I've heard that Rankin County Hospital District pays very well.


To be honest though, you sacrificing your health for others is wrong, even if you're married. I'd try Denver health.

Sent from my Pixel using Tapatalk


----------



## RocketMedic (Jul 2, 2017)

That's what I mean. The problem is not _necessarily_ 24-hour shifts if the workload is light, the problem is 24-hour shifts when the workload is heavy (a UHU over 0.4, for example, if I had to cherry-pick a breaking point). Denver Health looks very interesting, and I do have a Colorado paramedic license, but for now I'm knocking out school here in Houston. 

In the future, I reckon I'm going to have to look at transitioning into an educational or leadership role if I want to use these degrees. The sad truth is that field EMS doesn't give me the opportunity to use that education the way it ought to be used.


----------



## BossmanGifford (Jul 2, 2017)

RocketMedic said:


> That's what I mean. The problem is not _necessarily_ 24-hour shifts if the workload is light, the problem is 24-hour shifts when the workload is heavy (a UHU over 0.4, for example, if I had to cherry-pick a breaking point). Denver Health looks very interesting, and I do have a Colorado paramedic license, but for now I'm knocking out school here in Houston.
> 
> In the future, I reckon I'm going to have to look at transitioning into an educational or leadership role if I want to use these degrees. The sad truth is that field EMS doesn't give me the opportunity to use that education the way it ought to be used.


One of my best friends worked at CCEMS for years, and I really don't think it's a good agency for long term growth unless you're butt buddies with the admin, from what he told me. He did have a falling out of sorts though.

To be honest, I'm also really interested in working at a smaller agencies in New Mexico, like Taos or Silver City. They work 24s, but with how slow it would be it wouldn't be like working in the city.
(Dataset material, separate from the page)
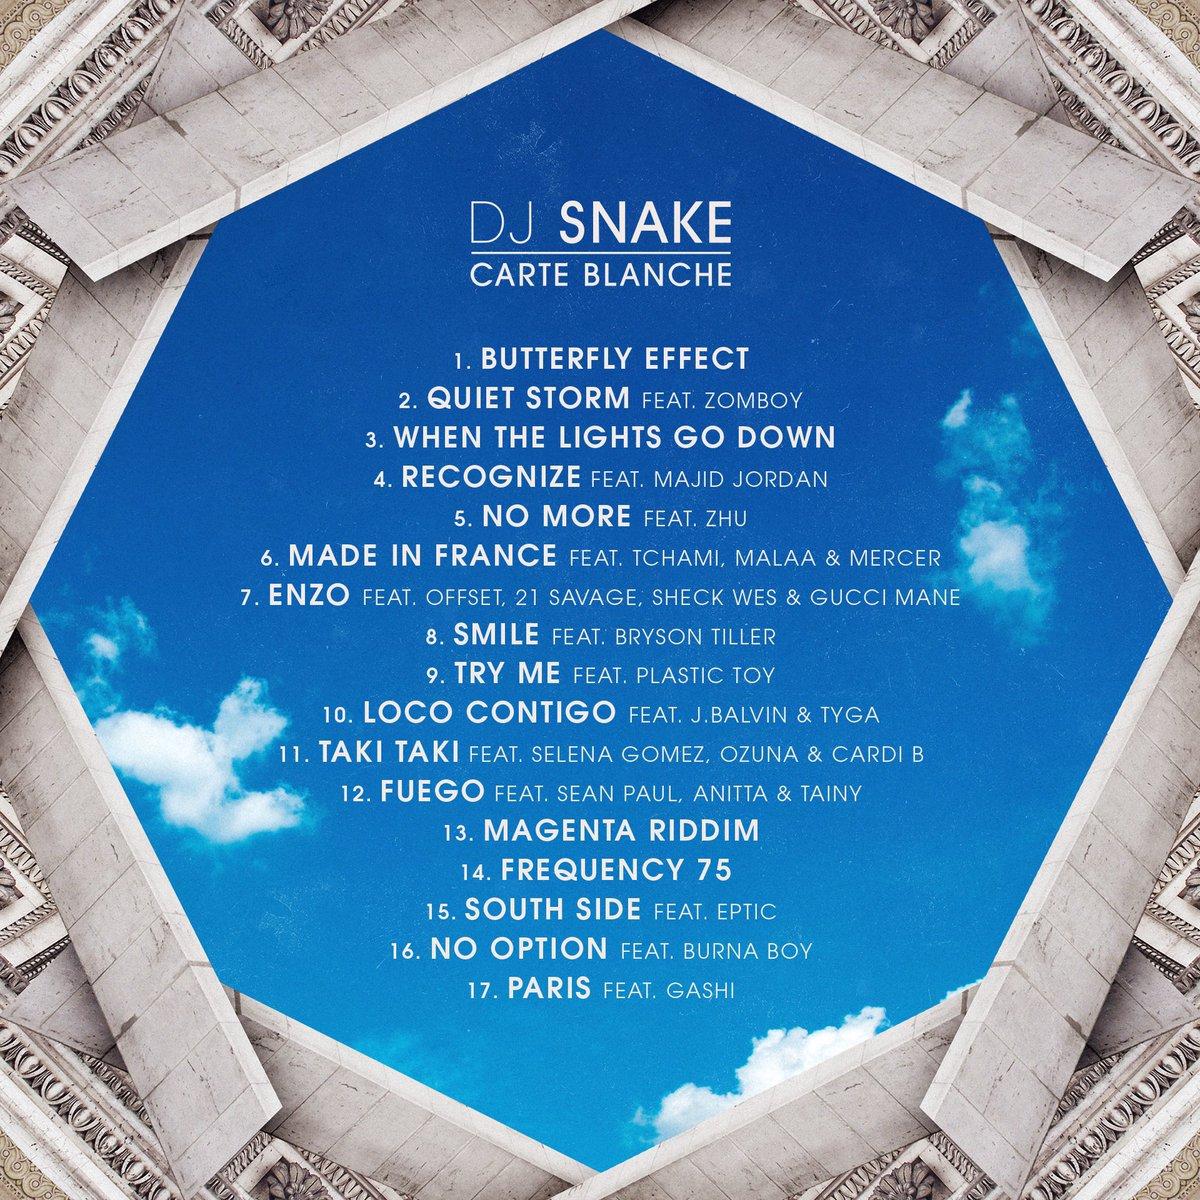 dj snake carte blanche DJ SNAKE on Twitter:

Sent from my Pixel using Tapatalk


----------



## TransportJockey (Jul 2, 2017)

BossmanGifford said:


> She isn't wrong. I just don't want to work 24s or be a basic for a year at ATCEMS or longer so I can practice at an okay scope (I live in Austin). I made a list of agencies to apply at if I couldn't get hired at a few select agencies around here where I would tolerate 24s. I wanted somewhere that worked shifts not as long as 24s, with a pension, good pay, and top of the line equipment. Hennepin was just at the top of the list.
> 
> For me, the weather will suck, but the job and the respect I would get for myself not working IFT at a dead end gig would outweigh it. I'll get used to the cold.
> 
> Sent from my Pixel using Tapatalk


Come play in Galveston. Just saying lol 

Sent from my LG-LS993 using Tapatalk


----------



## TransportJockey (Jul 2, 2017)

BossmanGifford said:


> I remember the first time I said Pram in Louisiana after leaving Colorado.
> 
> I got sooooo many weird looks.
> 
> Sent from my Pixel using Tapatalk


Worked in centennial then back to NM for a while. That whole pram thing and COR0 was weird 

Sent from my LG-LS993 using Tapatalk


----------



## TransportJockey (Jul 2, 2017)

BossmanGifford said:


> One of my best friends worked at CCEMS for years, and I really don't think it's a good agency for long term growth unless you're butt buddies with the admin, from what he told me. He did have a falling out of sorts though.
> 
> To be honest, I'm also really interested in working at a smaller agencies in New Mexico, like Taos or Silver City. They work 24s, but with how slow it would be it wouldn't be like working in the city.
> 
> ...


Gila regional actually does a mix of 12s and 24s. 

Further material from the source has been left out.